Presidential Spokesperson Ernesto Abella, touting the country’s “accomplishments” at the recent United Nations Universal Periodic Review (UPR) in Geneva, said that “some parties” appears to “refuse to understand certain aspects of our human rights efforts.” Presidential Photographers Division/Ace Morandante

Palace on international call for end to killings: We will never accept dictation
(philstar.com) - September 29, 2017 - 3:35am

MANILA, Philippines — Malacañang on Friday moved anew to assure the international community that there is no culture of impunity in the Philippines after 39 countries expressed concern over the rising number of drug-related killings in the country.

Noting that the human rights situation in the Philippines remains serious, Iceland, reading the statement on behalf of 38 other nations, said the countries remain concerned about the "climate of impunity" in President Rodrigo Duterte's war on drugs.

In response, Presidential Spokesperson Ernesto Abella, touting the country’s “accomplishments” at the recent United Nations Universal Periodic Review (UPR) in Geneva, said that “some parties” appear to “refuse to understand certain aspects of our human rights efforts.”

He added that while Manila welcomes the help of its allies in wiping out narcotics and criminality, the country rejects any “dictation” on how it runs its internal affairs.

“While it is true that 39 countries have expressed concern over drug-related killings, the fact remains that the United Nations Human Rights Council (UNHRC), the highest peer review body in the world on all matters of human rights, unanimously accepted and commended the Outcome Report on the Philippines’ UPR,” Abella said.

READ: Gascon: Rejection of rights recommendations not a victory

The Philippines recently claimed victory after the review of its human rights record at the HRC despite disappointments of several states over Manila's rejection of some key recommendations.

Manila accepted only 103 out of the 257 recommendations forwarded by member states during its third Universal Periodic Review in Geneva last May.

Many nations were disappointed that the Philippines decided to just "note"—a move interpreted by observers as rejection—recommendations related to alleged extrajudicial killings in the Duterte government's so-called war on drugs.

"We will always be happy to accept the help of our foreign friends. But we will never accept dictation on how we are managing our own internal domestic processes," Abella added.

The Philippines, as a member of the international community, sometimes comments on other countries' affairs, most recently in calling for North Korea to end missile tests and to “cease its provocative and highly dangerous actions that threaten the peace, stability and security of the region.”

'No culture of impunity'

Nonetheless, Abella maintained that there is no culture of impunity in the Philippines, adding that the government has already launched an investigation on “all credible allegations of human rights violations.”
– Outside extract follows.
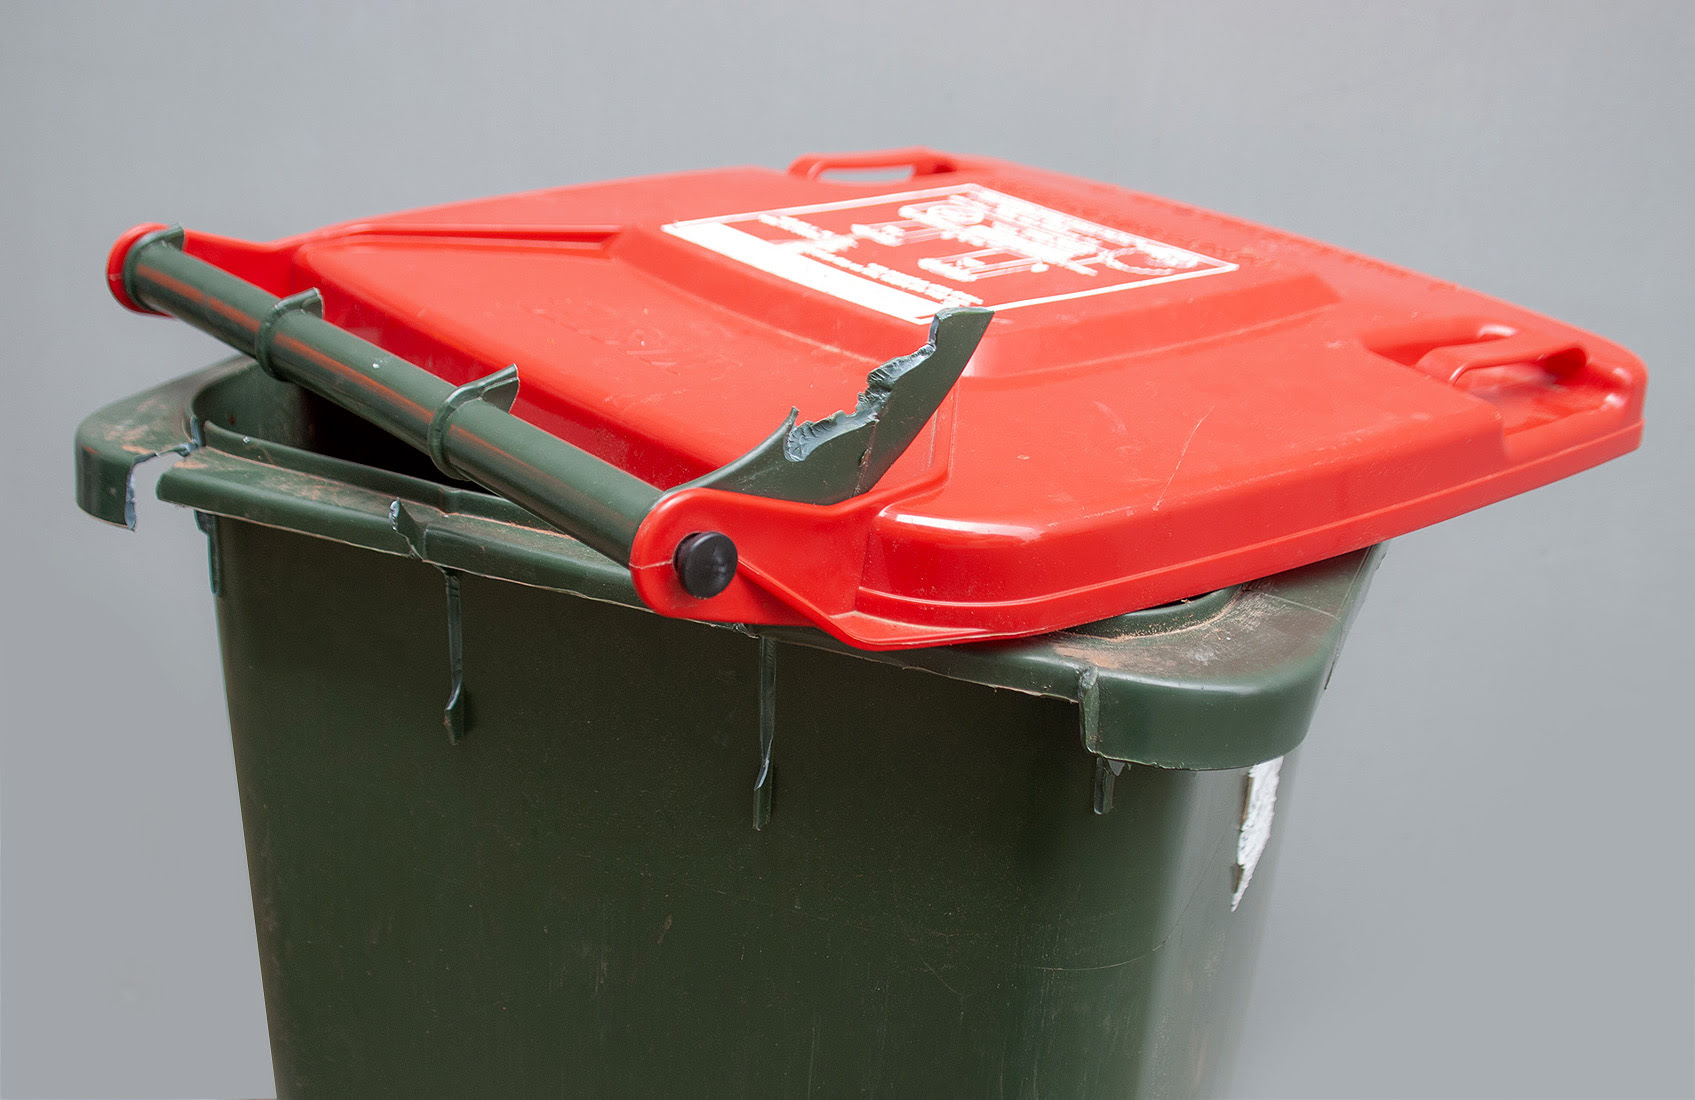 How To Request A New Recycling Bin

“The truth is: Our justice system does not tolerate any state-sponsored extrajudicial killings,” Duterte’s spokesman said.

Police officers implicated in the killing last November of a Leyte town mayor in detention for drugs and firearms charges have been reinstated into active service. The charges against them have also been downgraded to homicide from murder.

READ: CIDG's Marcos returns to duty in Region 12

The president has also assured police and military officers of his backing if they are charged for implementing the government's campaign against drugs. He has also lambasted human rights advocates and have accused them of siding with criminals and drug lords. 

In the same statement, the 39 countries also raised the issue of intimidation of human rights defenders and abuses and called on the government to create a safe and secure environment.

They also urged the Philippine government to welcome a visit of Agnes Callamard, the UN special rapporteur on extrajudicial, summary or arbitrary executions, without conditions or limitations.

The other signatories to the statement were Australia, Austria, Belgium, Bulgaria, Canada, Croatia, Cyprus, Czech Republic, Denmark, Estonia, Finland, Georgia, Greece, Ireland, Italy, Latvia, Liechtenstein, Lithuania, Luxembourg, Macedonia, Malta, Moldova, Montenegro, Norway, Poland, Portugal, Romania, Slovakia, Slovenia, Spain, Sweden, Switzerland, The Netherlands and Ukraine.

Some of the new signatories are the US, Canada, Australia, Ukraine and Georgia.